Austintown Senior Center bustling with activities as they welcome new puppy
By ROBERT CONNELLY
AUSTINTOWN
Mr. Fluffy acted as a vacuum as members of Cutting Edge, a woodcarving group, worked on their projects at the Austintown Senior Center.
The 12-week old puppy excitedly went from person to person to whatever caught his eye as Tom Evans, 65, worked on a wooden version of a 1968 Roadrunner car.
“It’s like a big family,” said Evans, who lives near the border between Austintown and Canfield. “People think you have to be 65 to come in” to the center.
Cutting Edge, which meets every Thursday from 9 to 11:30 a.m., is just one of the many activities filling the space at the township senior center, 100 Westchester Drive, which is free for Austintown residents but $36 a year for nonresidents. The facility is not just for seniors. Evans pointed out that the youngest member of their group is 14.
The center hosts meals, which have a cost, and bingo several times a week.
Jim Henshaw, center director, was chosen for that position in February 2012. A levy to fund the center was passed by township voters in 2011 after it had opened in 2010 and had run on donations.
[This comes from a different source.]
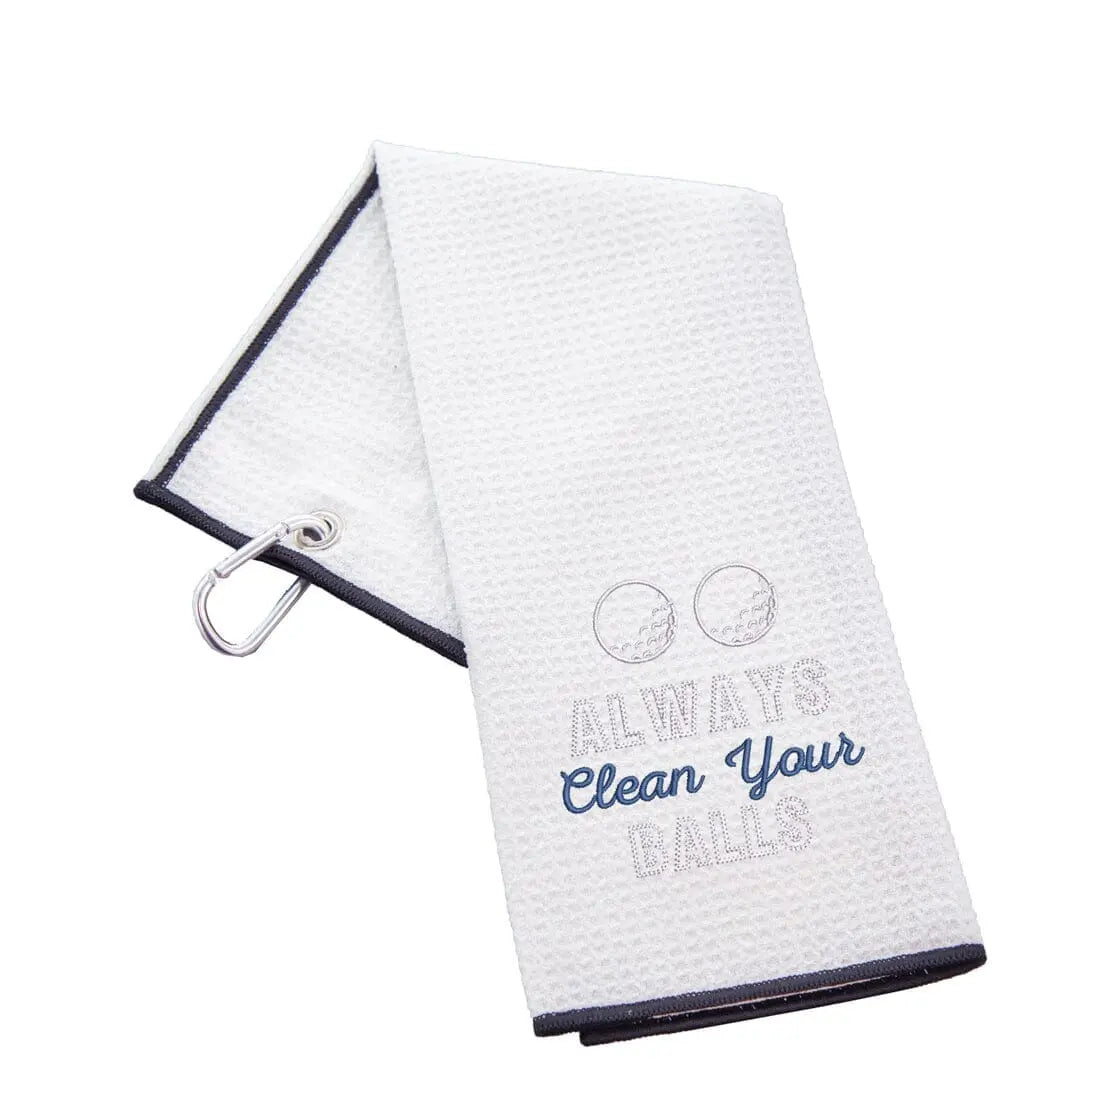 Tri-Fold Golf Towel Embroidered With Cheeky Clean Your Balls Logo - Duncan Stewart 1978 Waffle-White Duncan Stewart 1978

“It’s been growing rapidly,” Henshaw said, noting it has almost reached 1,500 members. “A lot of people are confused about what a senior center is. ... It’s a giant social club.”
That levy was a 0.5-mill senior-services levy to raise $309,202 annually for five years and cost the owner of a $100,000 home $16 per year.
“Not everyone can do, or wants to do, everything,” Henshaw said. “The objective here is to get people to socialize, give them mental exercises because that’s very important in keeping your health and your youth, really.”
During a recent visit, there were groups playing cards or doing yoga while other members sat by themselves reading or knitting. All the while, Mr. Fluffy roamed the facility, splitting time as a vacuum and licking those who petted him.
“We’re trying to get people away from their television sets,” Evans said of Cutting Edge. “We’re trying to get people to come out and do things differently.”
He explained newcomers start out with a mouse — because that features every kind of cut one would have to make — and then progress from there, choosing what they want to carve. A group of women was working on Christmas trees, including JoAnn Claycomb, 68, of Austintown.
“I can relax and do this,” she said. She uses the wood carving, as well as painting, as a respite from caring for her husband, who has Alzheimer’s disease. “This does help me.”
In another part of the senior center, Hilda Townsend, 86, of Austintown, leads a group of women in making bookmark calendars with poems or song lyrics on them for special occasions. The group does between 80 and 100 a week, meeting each Thursday morning. “The more they talk, the more they get done,” Townsend said while the other women laughed.
“I love it. If you can’t find something fun here, something’s wrong with you,” Claycomb said.